Exercise aim:
Output everything in the data exactly, leaving the pictures out.

Input data:
= = =

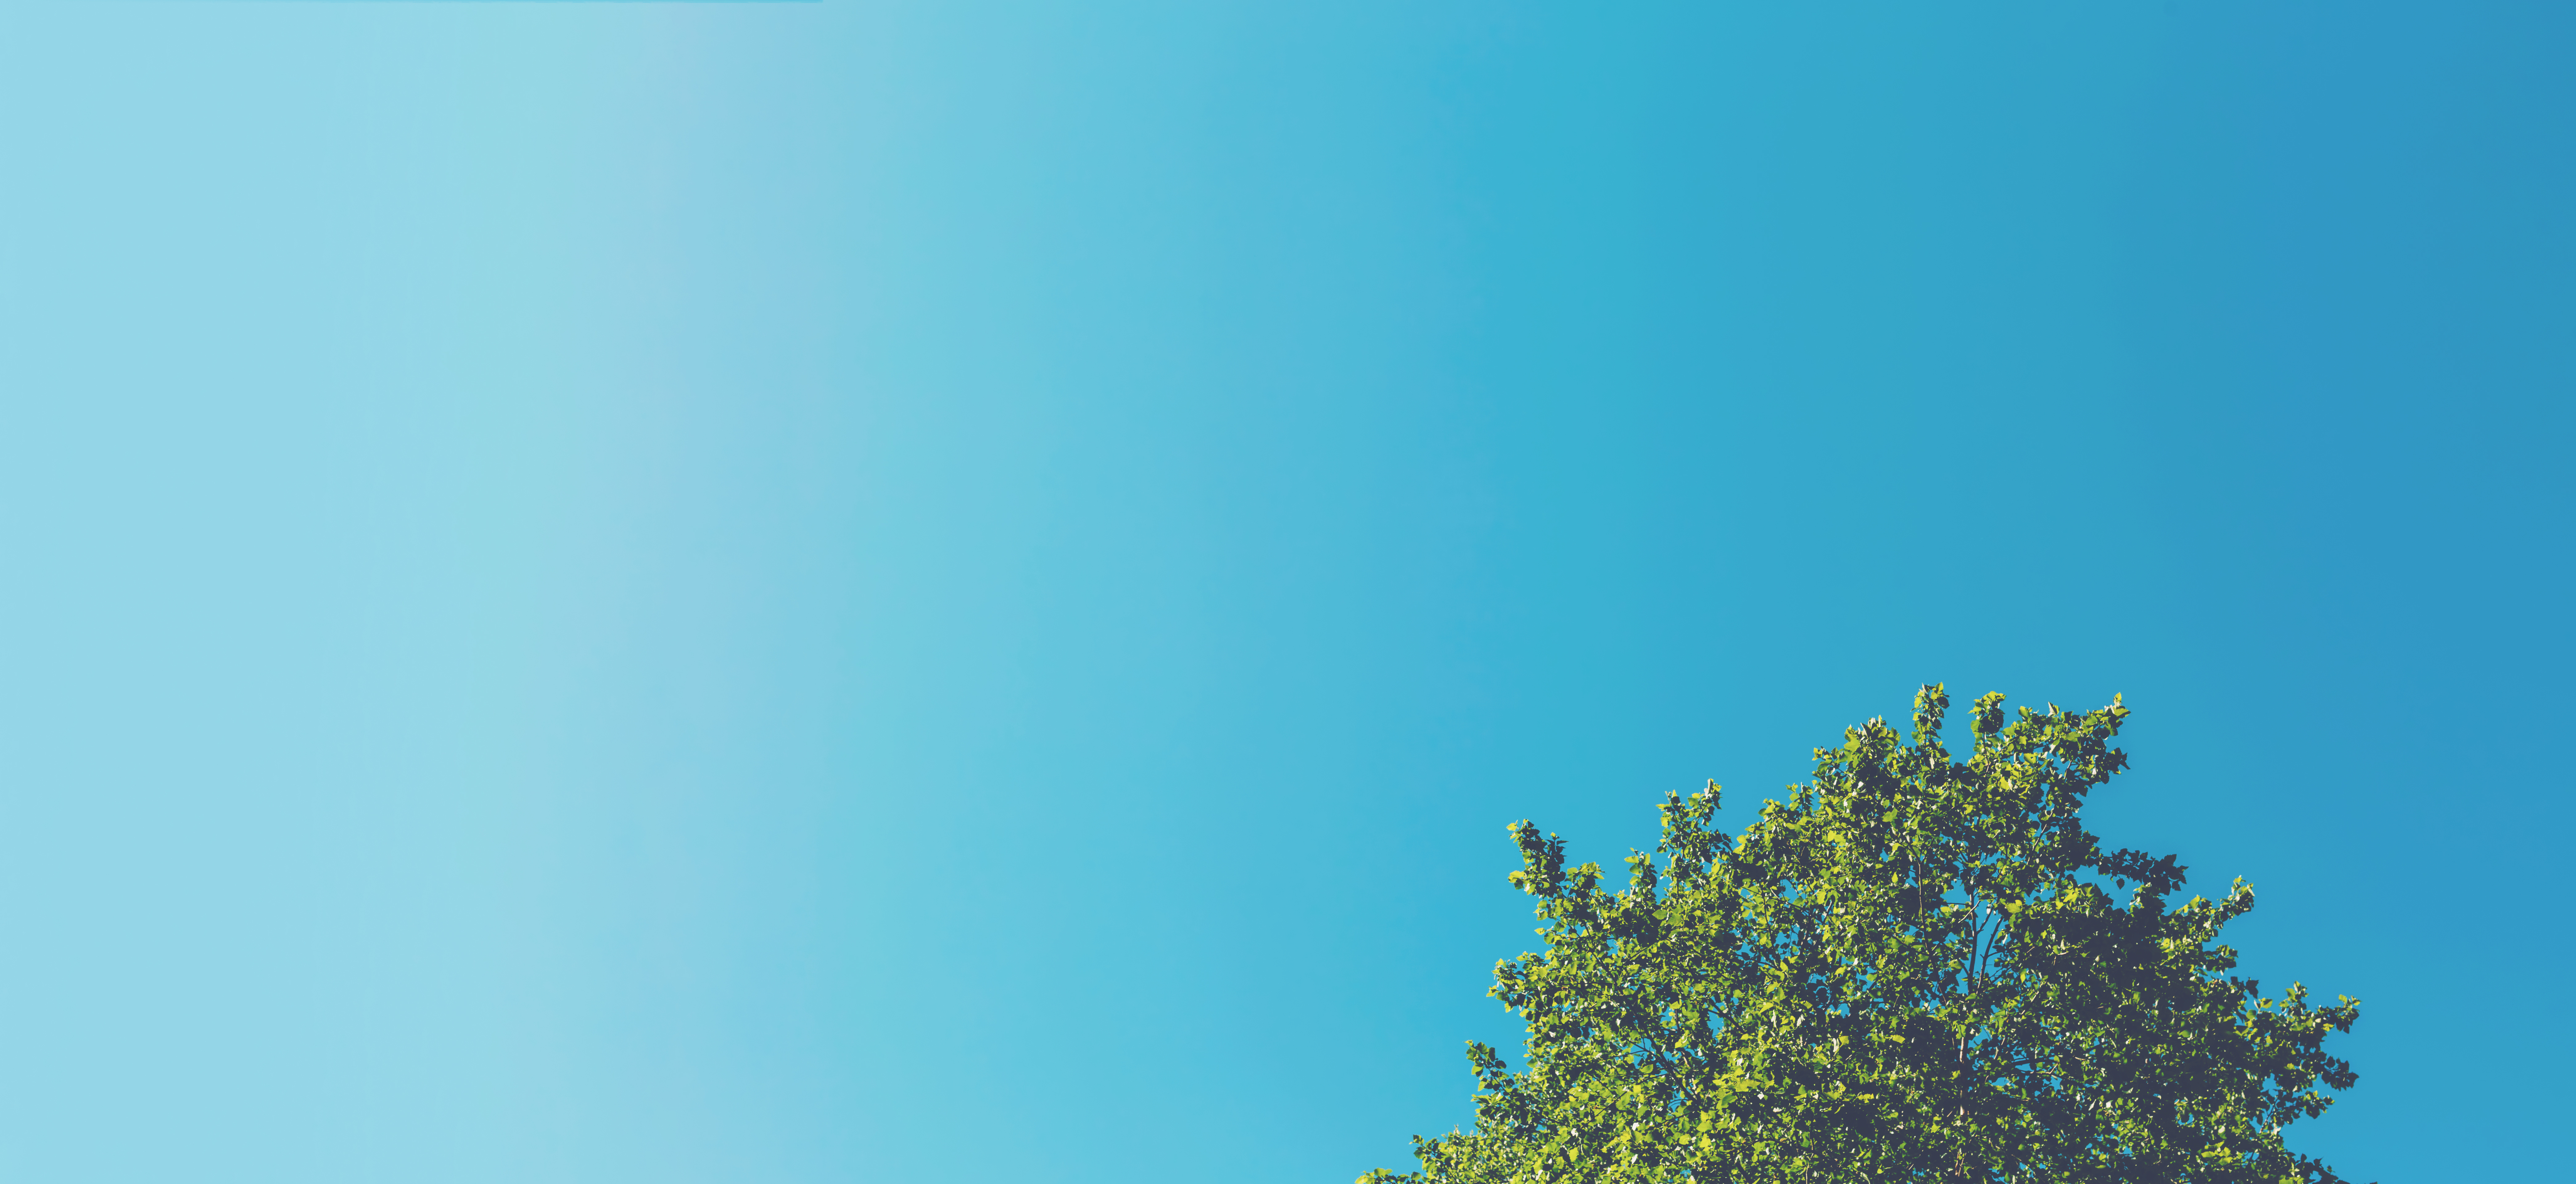 Minimalist tree top with light blue sky background
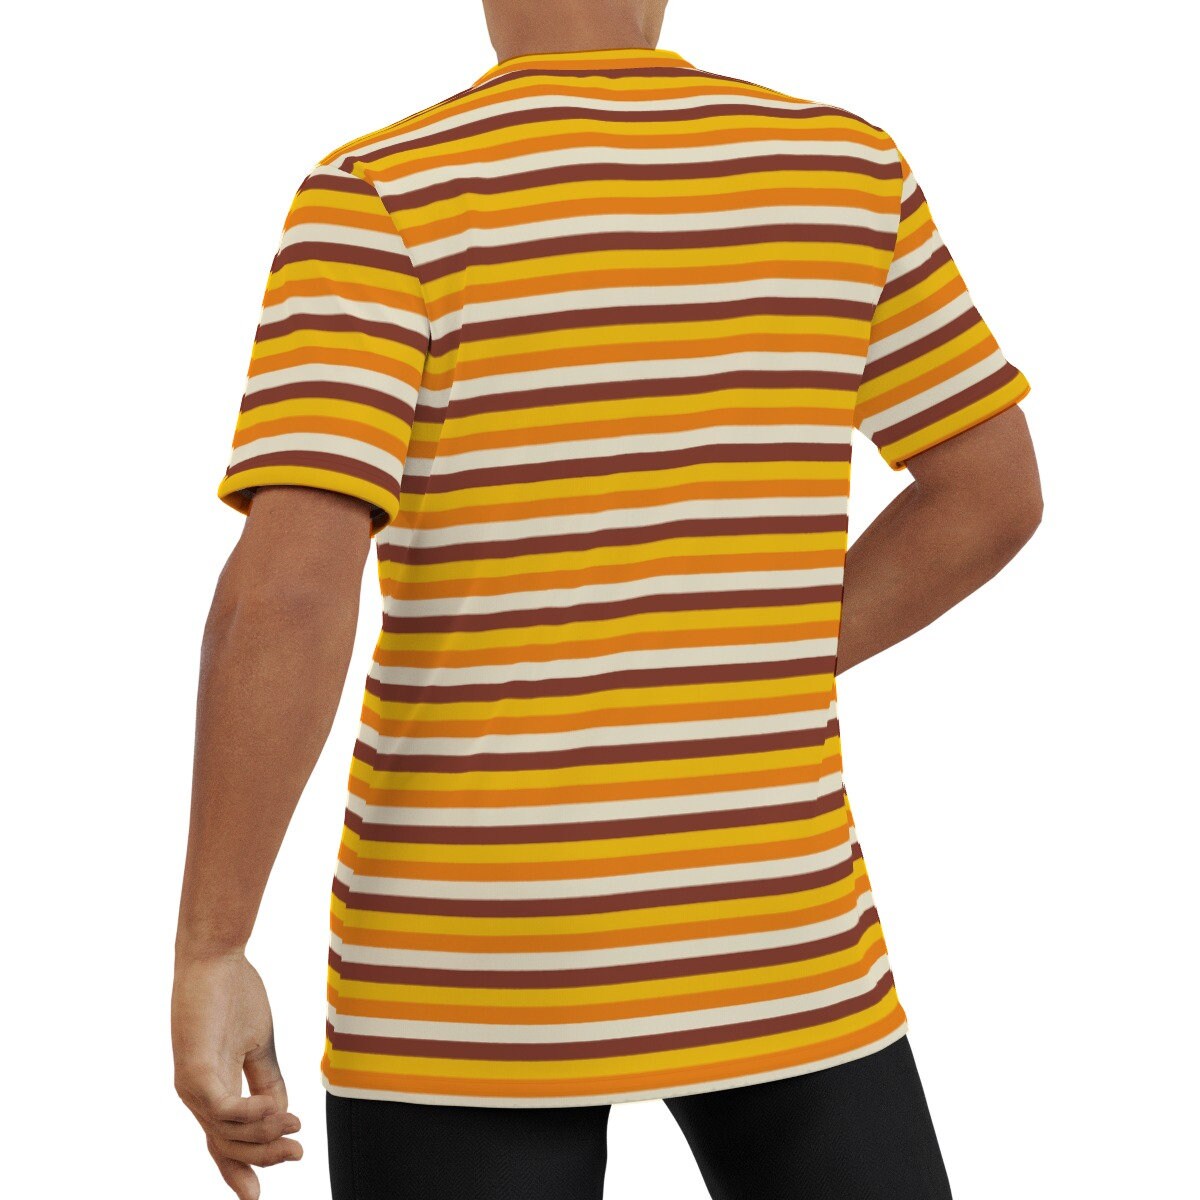 Eco friendly T-shirt, Retro T-shirt, Retro Top, Orange stripe T-shirt, 70s style shirt, Hippie Shirt, Groovy Shirt
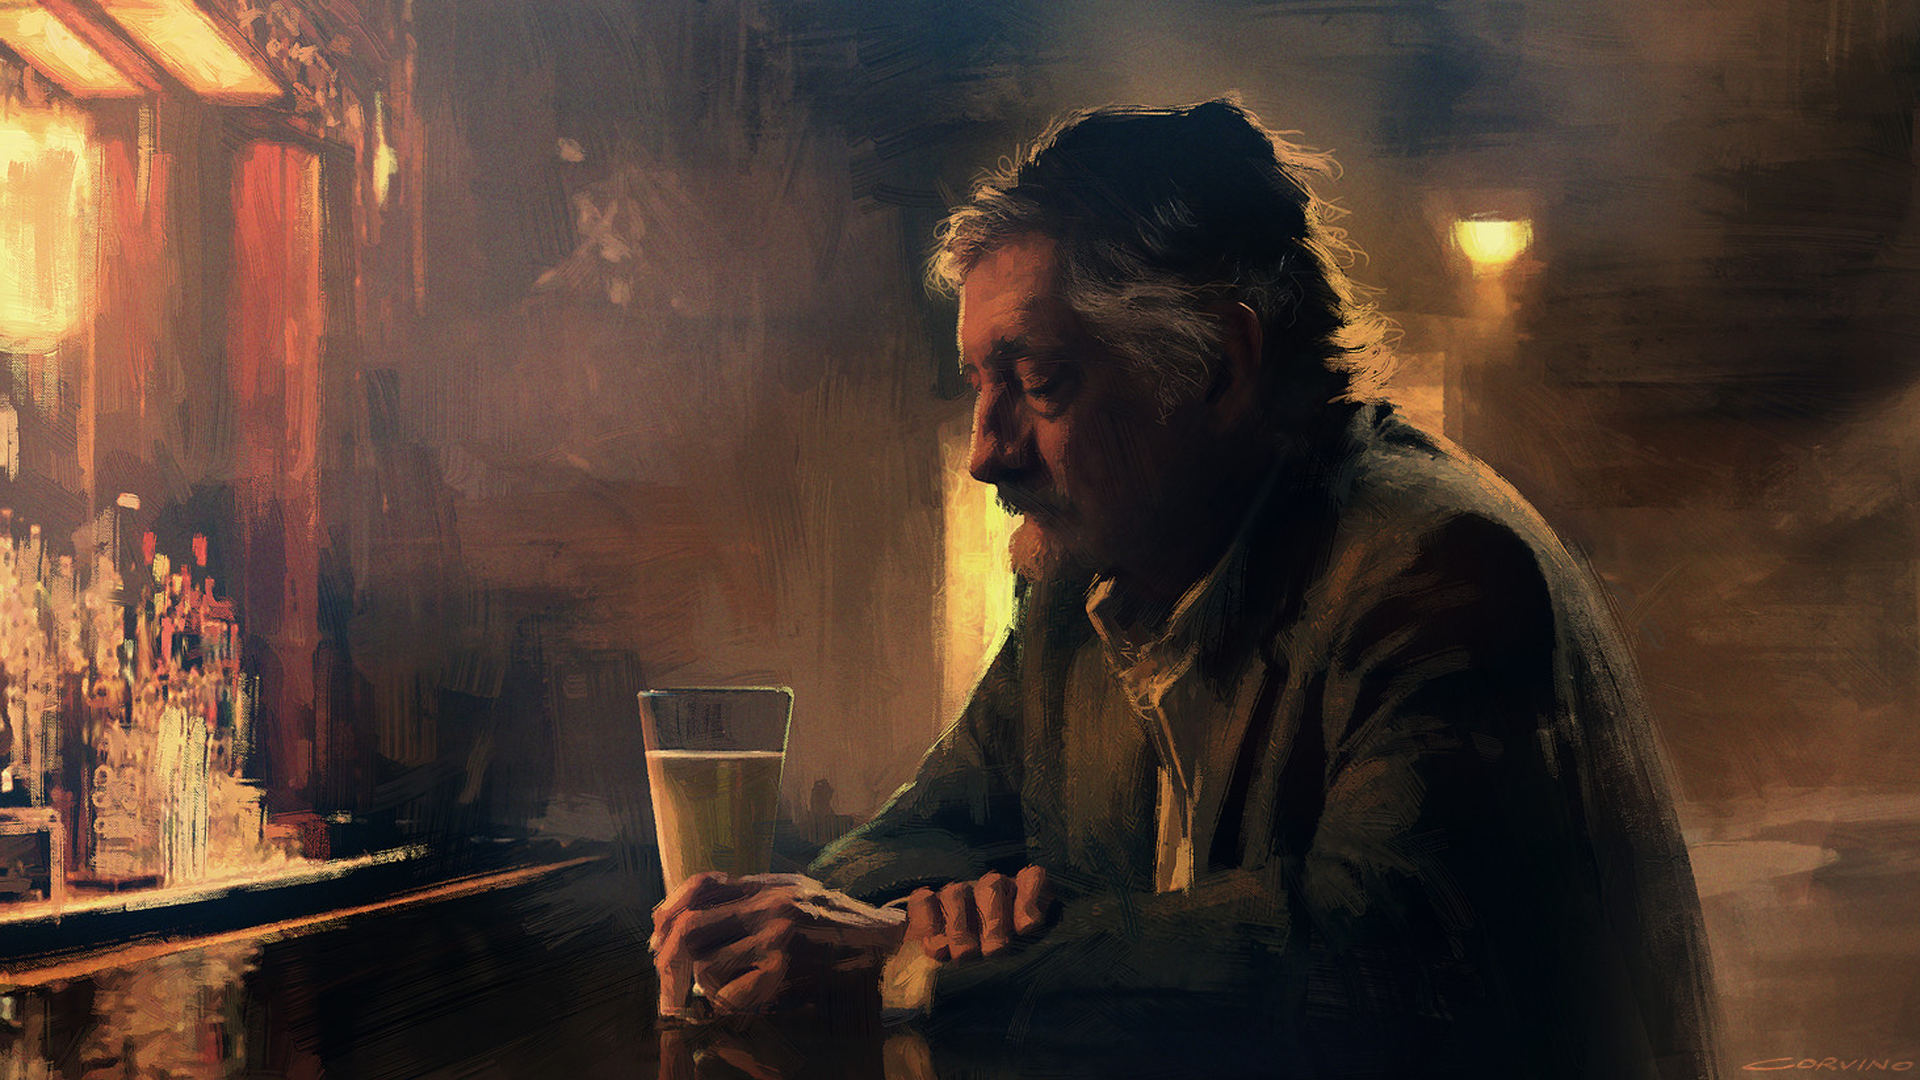 Francesco Corvino Digital Art Artwork Alone Drinking Bar Men 1920x1080
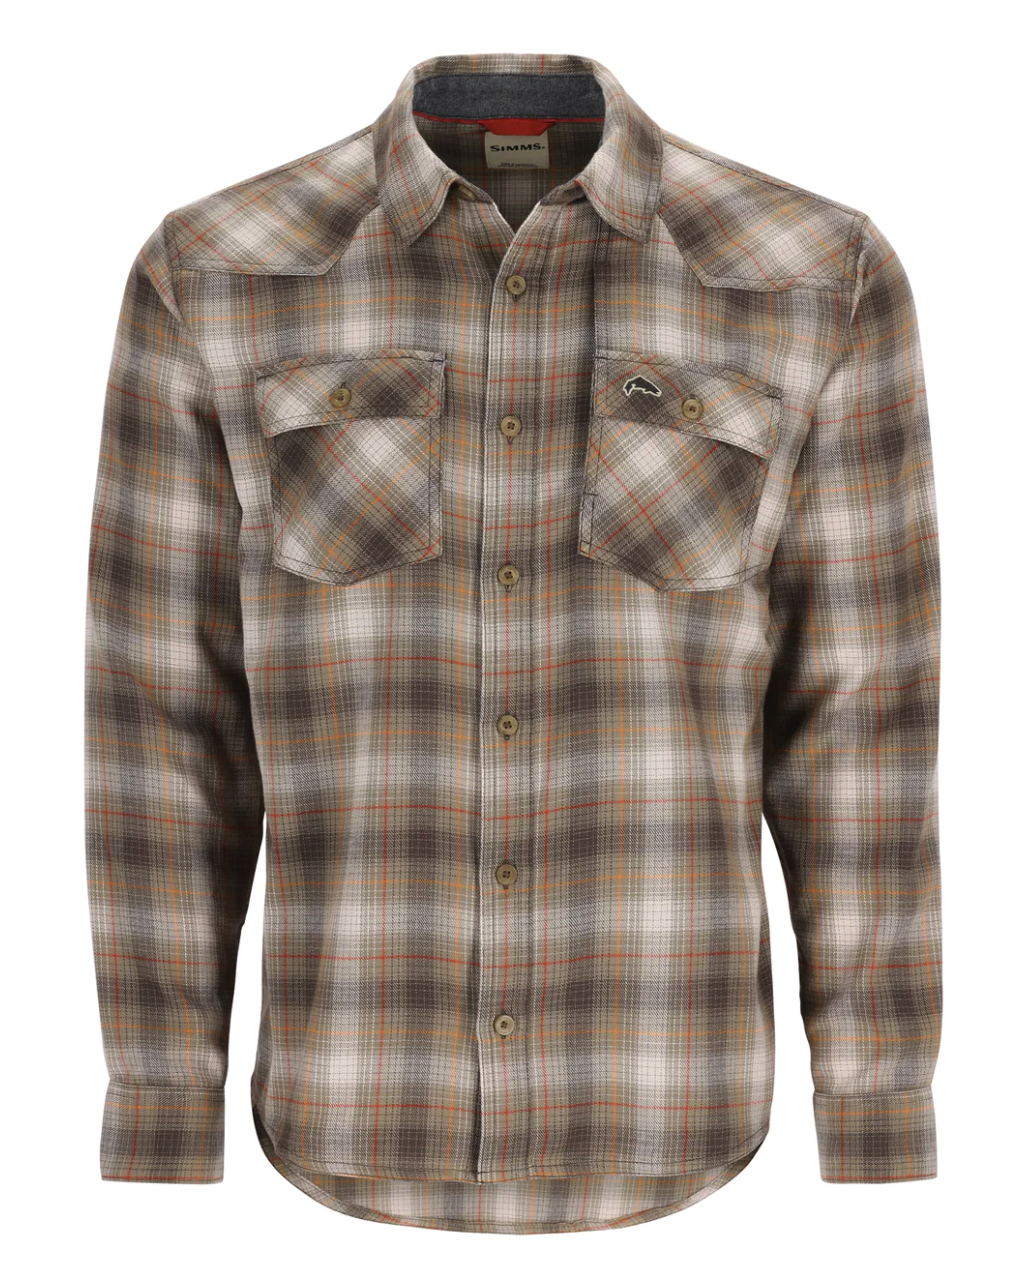 Buy Simms flannel fishing shirts online.

= = =

Result of this task:
 Minimalist tree top with light blue sky background
 Eco friendly T-shirt, Retro T-shirt, Retro Top, Orange stripe T-shirt, 70s style shirt, Hippie Shirt, Groovy Shirt
 Francesco Corvino Digital Art Artwork Alone Drinking Bar Men 1920x1080
 Buy Simms flannel fishing shirts online.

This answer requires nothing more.